++++ INPUT MATERIAL ++++
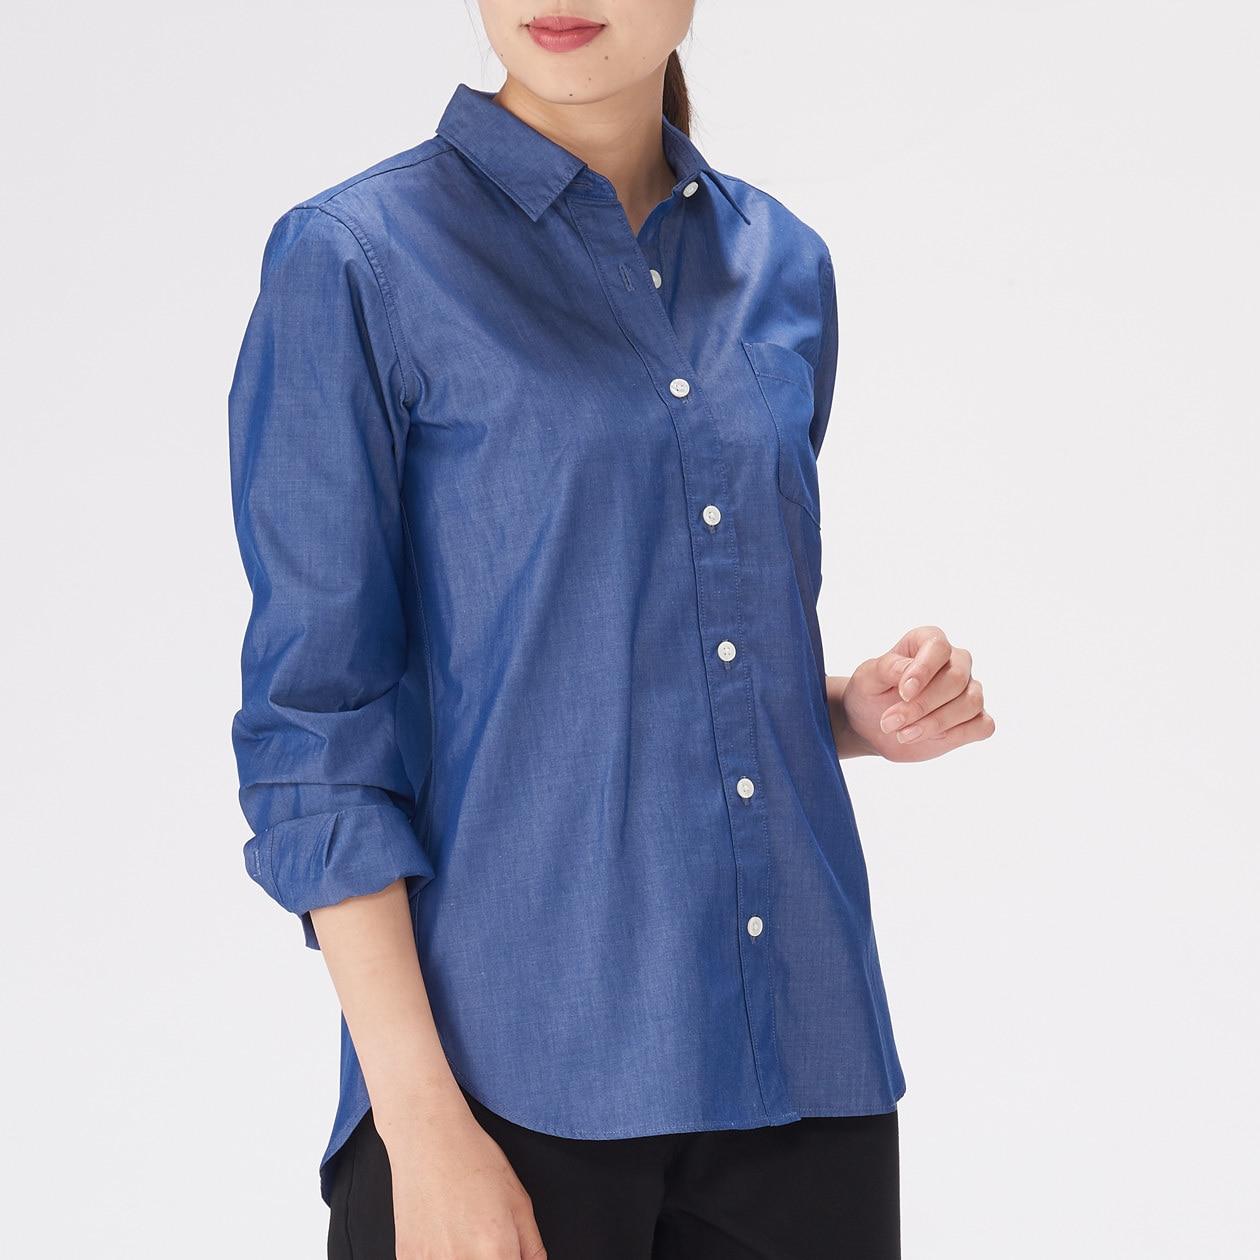 女有機棉水洗平織布襯衫 深藍S   無印良品
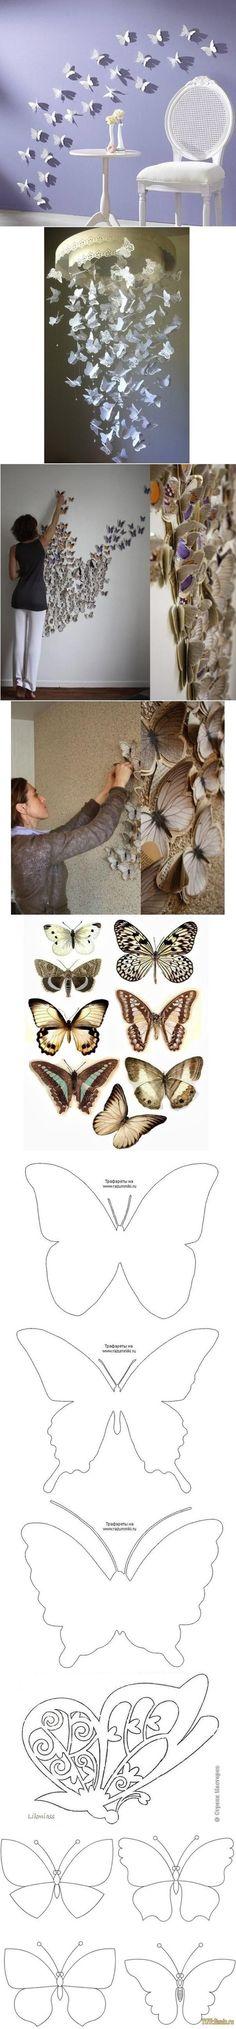 Decora con mariposas. Moldes e imagenes para imprimir y recortar
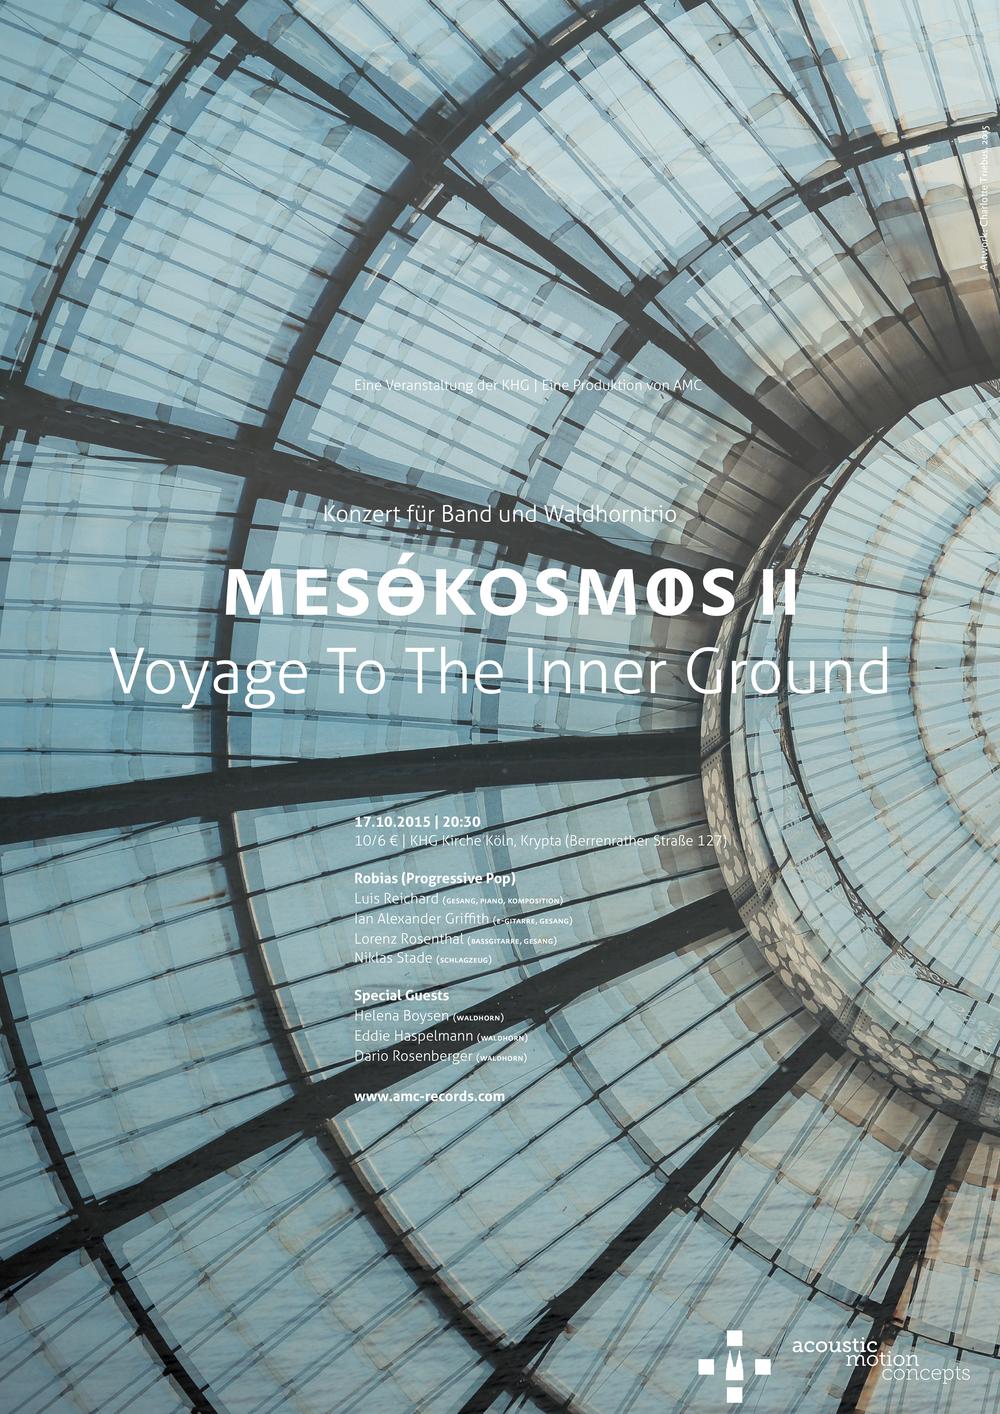 Mesokosmos II Poster
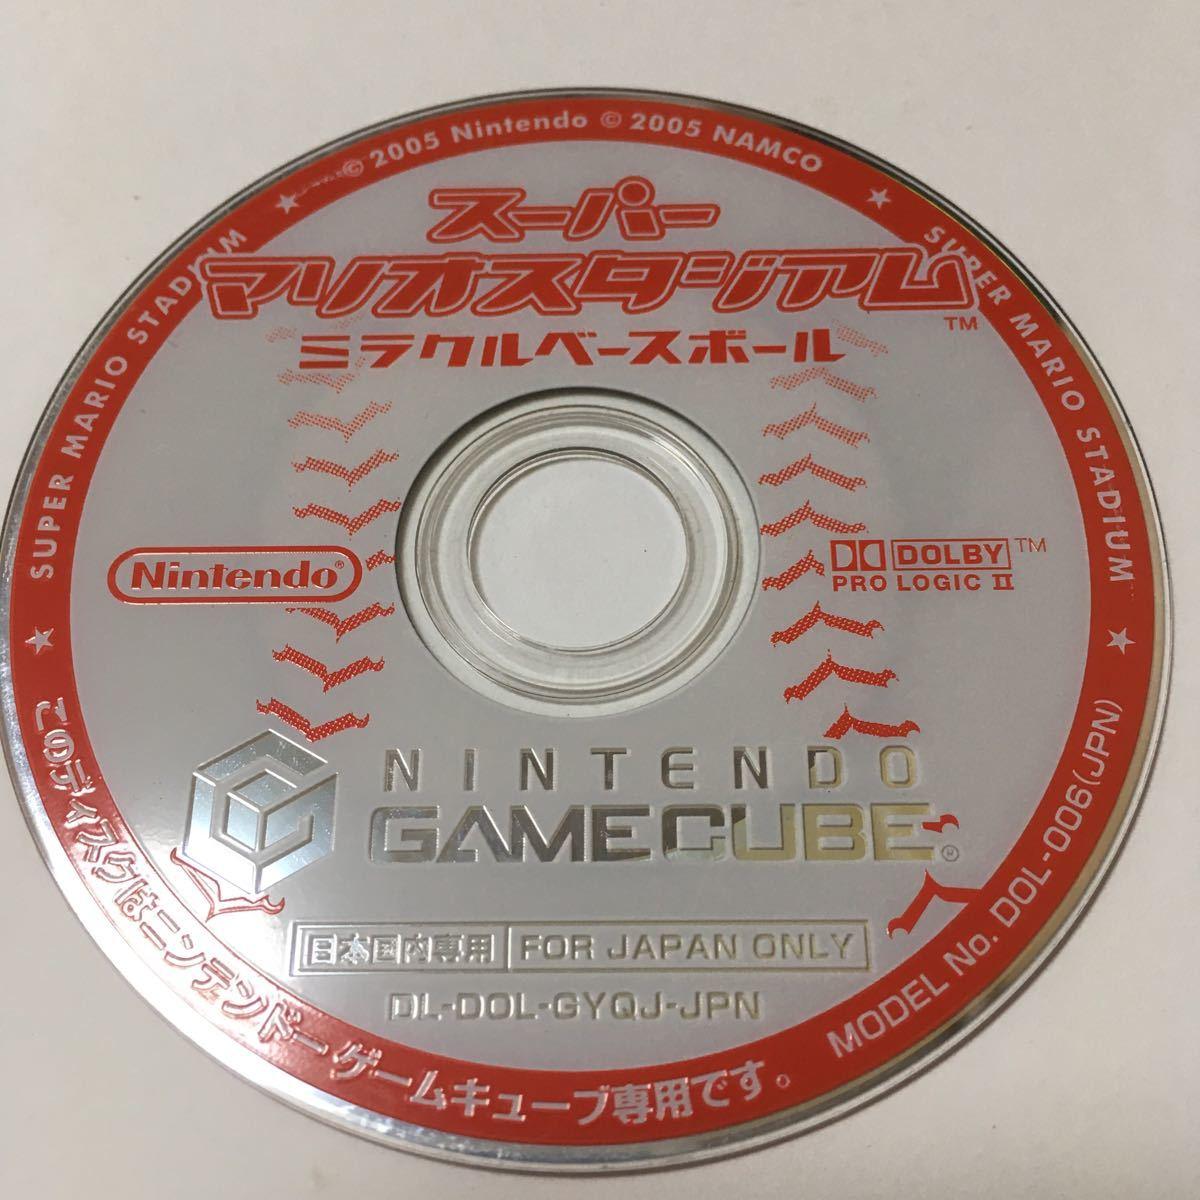 ゲームキューブ ソフト スーパーマリオスタジアム ミラクルベースボール 動作確認済み  マリオテニスとセットで700円!
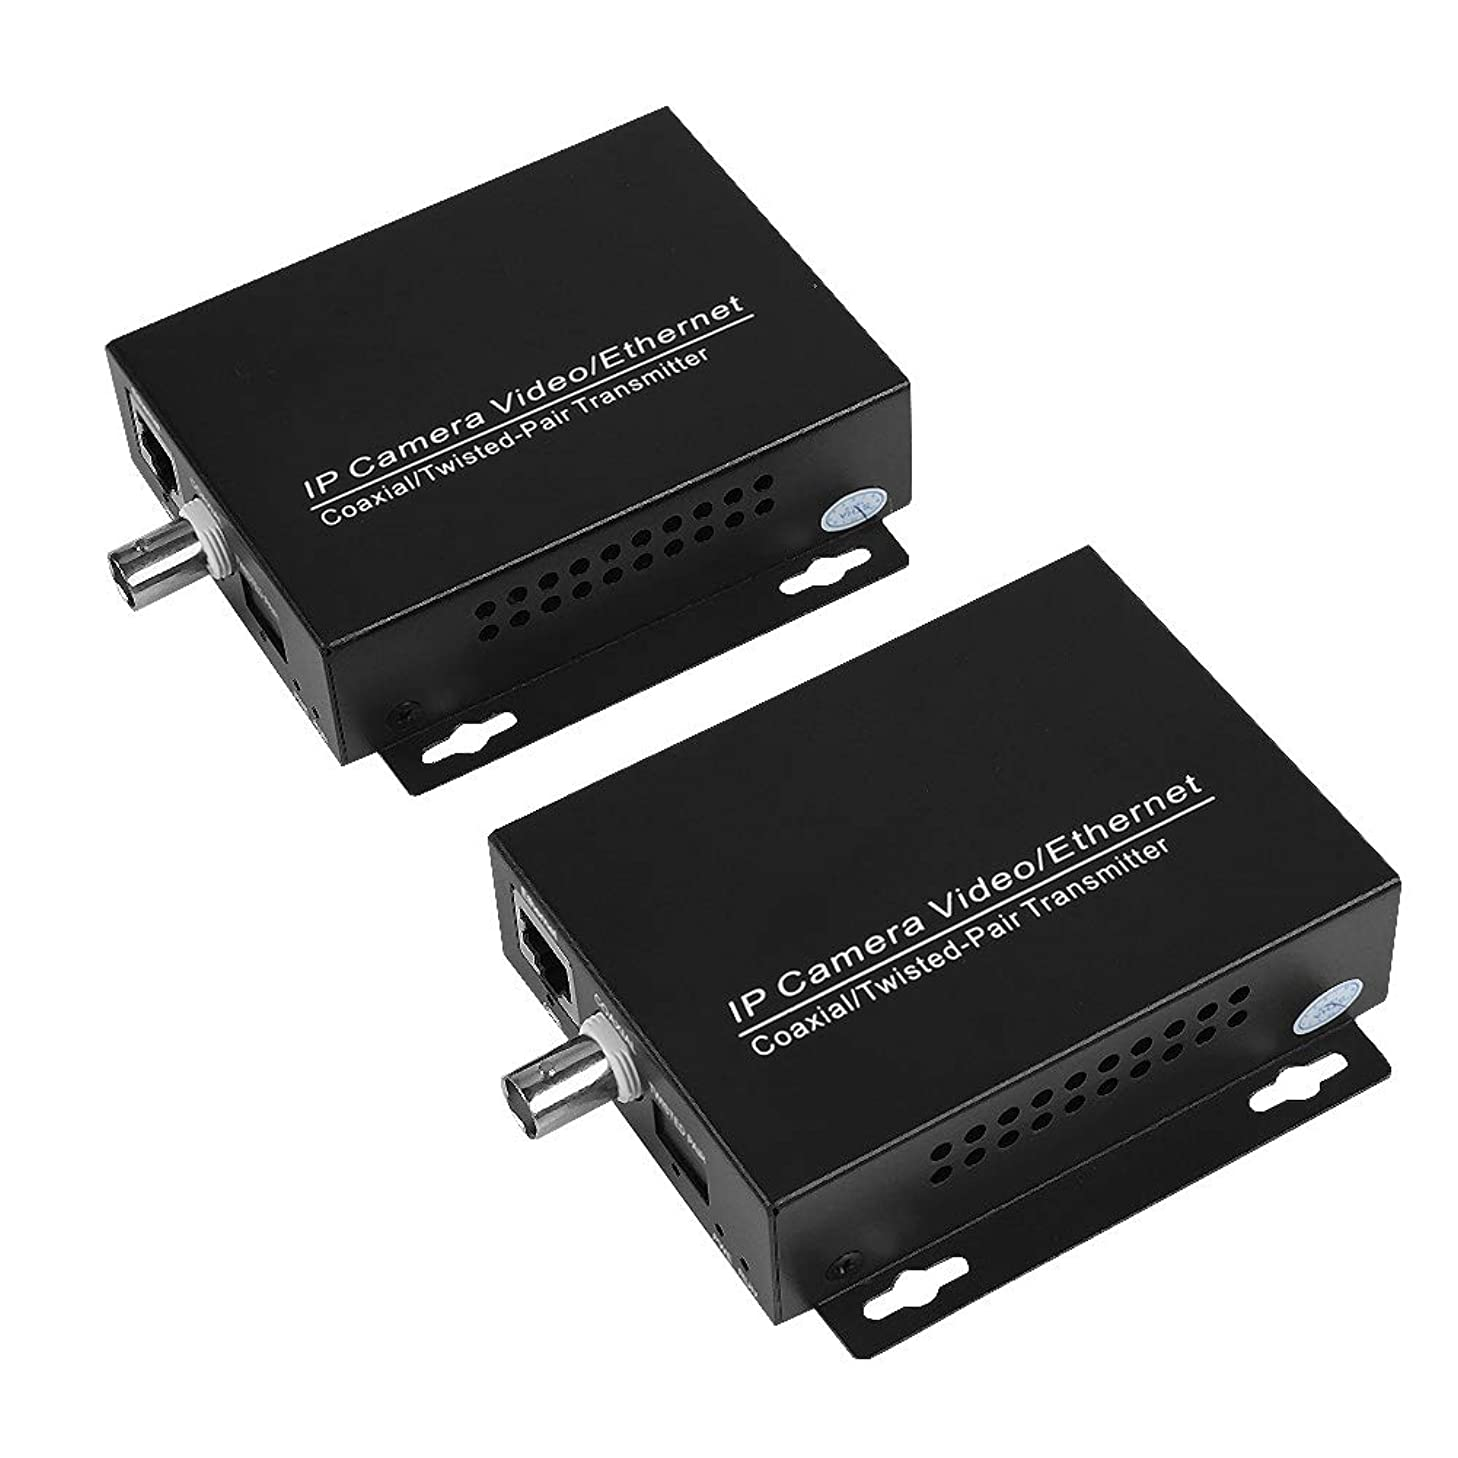 計画的信仰断言する無線LAN中継器 WiFi中継機 保証CCTVのカメラ 同軸キット EoCの同軸ケーブル 監視カメラ 同軸キット イーサネットIPの延長器(1組)
++++
• [THE TASK]: Pictures stay out, and every line of the records is transcribed exactly.

• [EXPECTED ANSWER]:
 女有機棉水洗平織布襯衫 深藍S   無印良品
 Decora con mariposas. Moldes e imagenes para imprimir y recortar
 Mesokosmos II Poster
 ゲームキューブ ソフト スーパーマリオスタジアム ミラクルベースボール 動作確認済み  マリオテニスとセットで700円!
 計画的信仰断言する無線LAN中継器 WiFi中継機 保証CCTVのカメラ 同軸キット EoCの同軸ケーブル 監視カメラ 同軸キット イーサネットIPの延長器(1組)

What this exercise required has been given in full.